The question was asked: “What subjects would you advise conservatories to teach their students today?” James Tenney, who Ligeti had selected to host the day-long seminar on his music, answered, “Musical acoustics; the literature of the 20th century.”

Ligeti continued the answer: “I completely agree, but I will add that it’s very important to have a high level of knowledge of non-European music: Asian, Javanese, Thai, Australian, the whole African complex south of the Sahara, Arabian, Iranian, and North African. I’m extremely interested in polyphonic music so I gravitate toward the African musics. For me, popular culture is very important, such as the blues. I learned traditional technique in Budapest, figured bass, traditional harmony, counterpoint was taught. Lizst had been there, in the Conservatory, and Bartók. We had no modern music; it ended with Beethoven. When I discovered the richness of harmony of Chopin or Schubert, there were no books. Debussy opens a whole new world, is the most important innovator of early 20th century music. Schoenberg was very respected, but…for orchestration, the texts of Rimsky-Korsakov and Koechlin are crucial. I learned orchestration mainly by listening. My best teachers were Haydn and Stravinsky.”
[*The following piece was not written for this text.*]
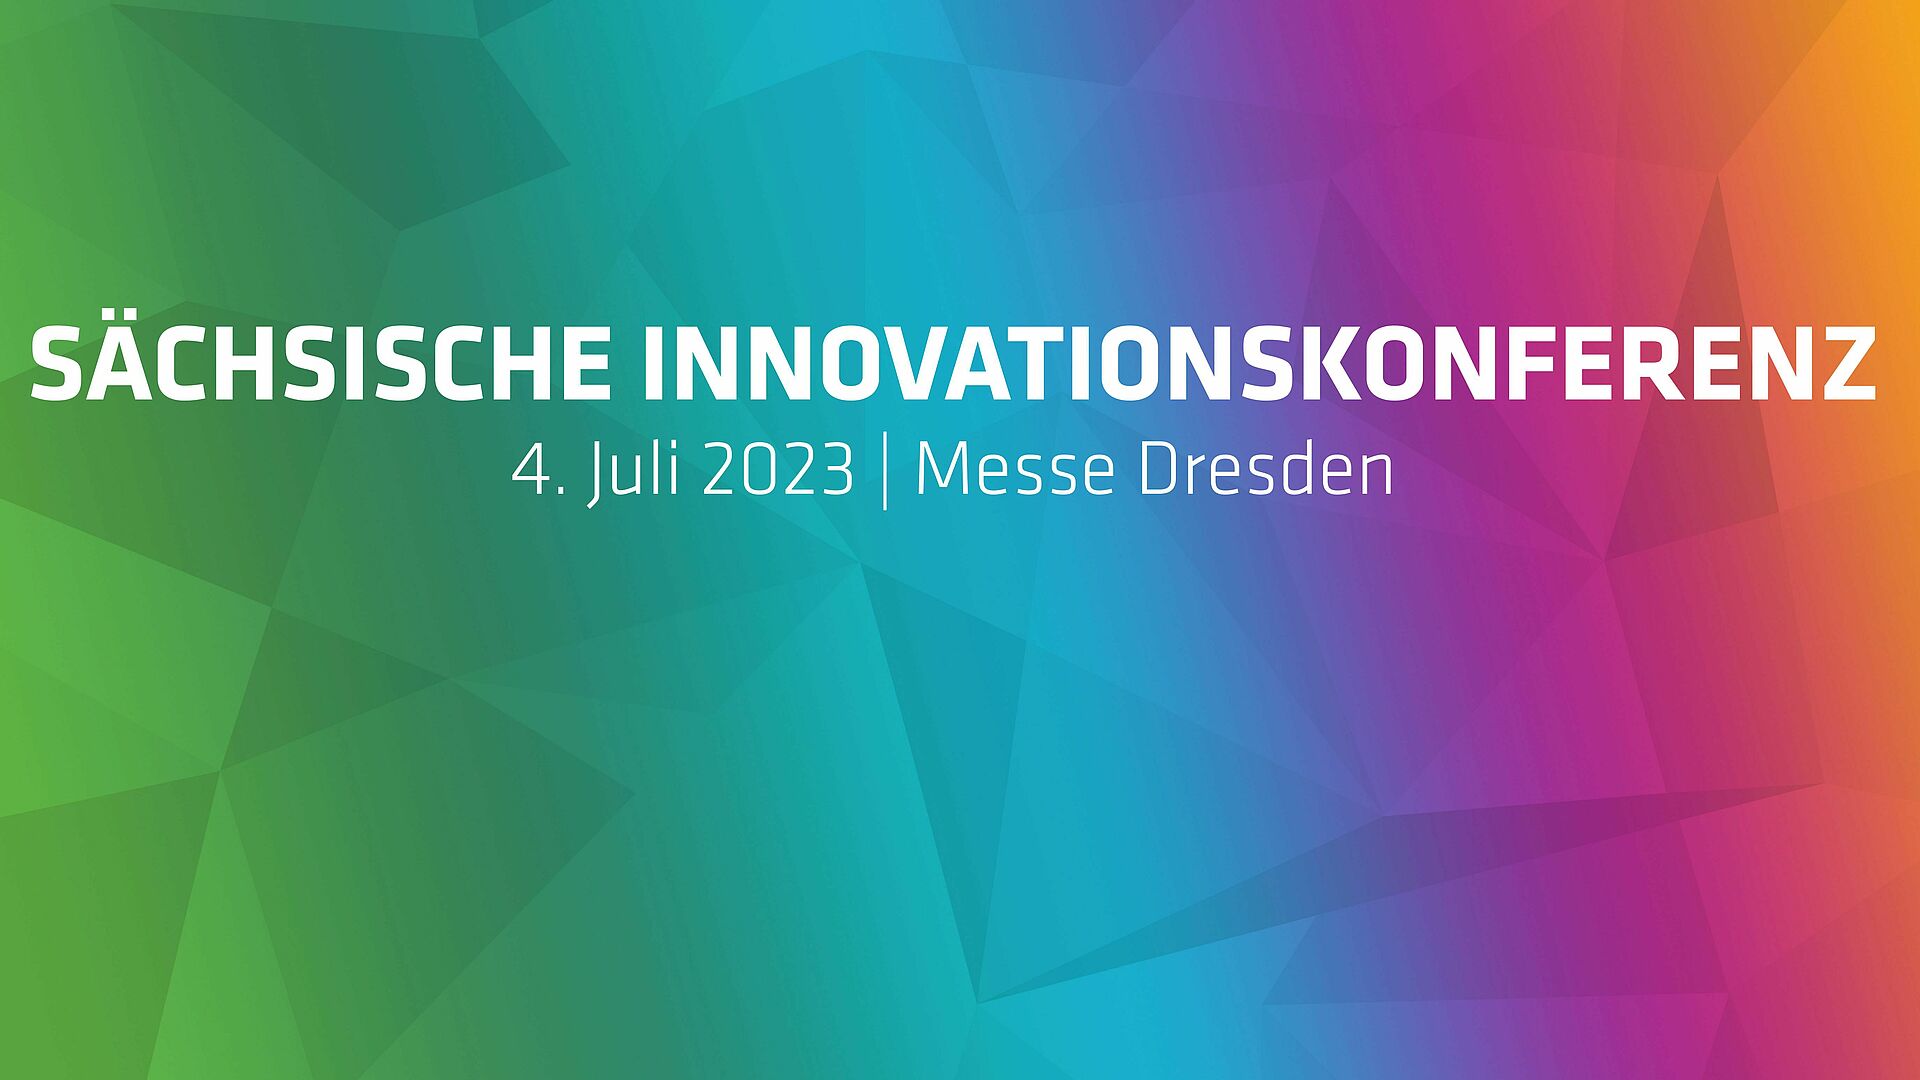 Saxon Innovation Conference I 04 July 2023 I Messe Dresden I futureSax

What isn’t conveyed here, of course, is the tempo of Ligeti’s speaking, the vast range of nuance in his inflection, timing, and the emphasis on certain words—or his generosity and warmth, extended to James Tenney, as well as to the most musically unsophisticated members of the audience who submitted questions. György Ligeti, with his astounding musical facility, his intense imagination—fueled by science but also by absurdist notions—and his inquisitive yet discerning nature, was a huge influence on my development as a composer. I was most fortunate to know him and to be in his presence as a young composer making her way in the world.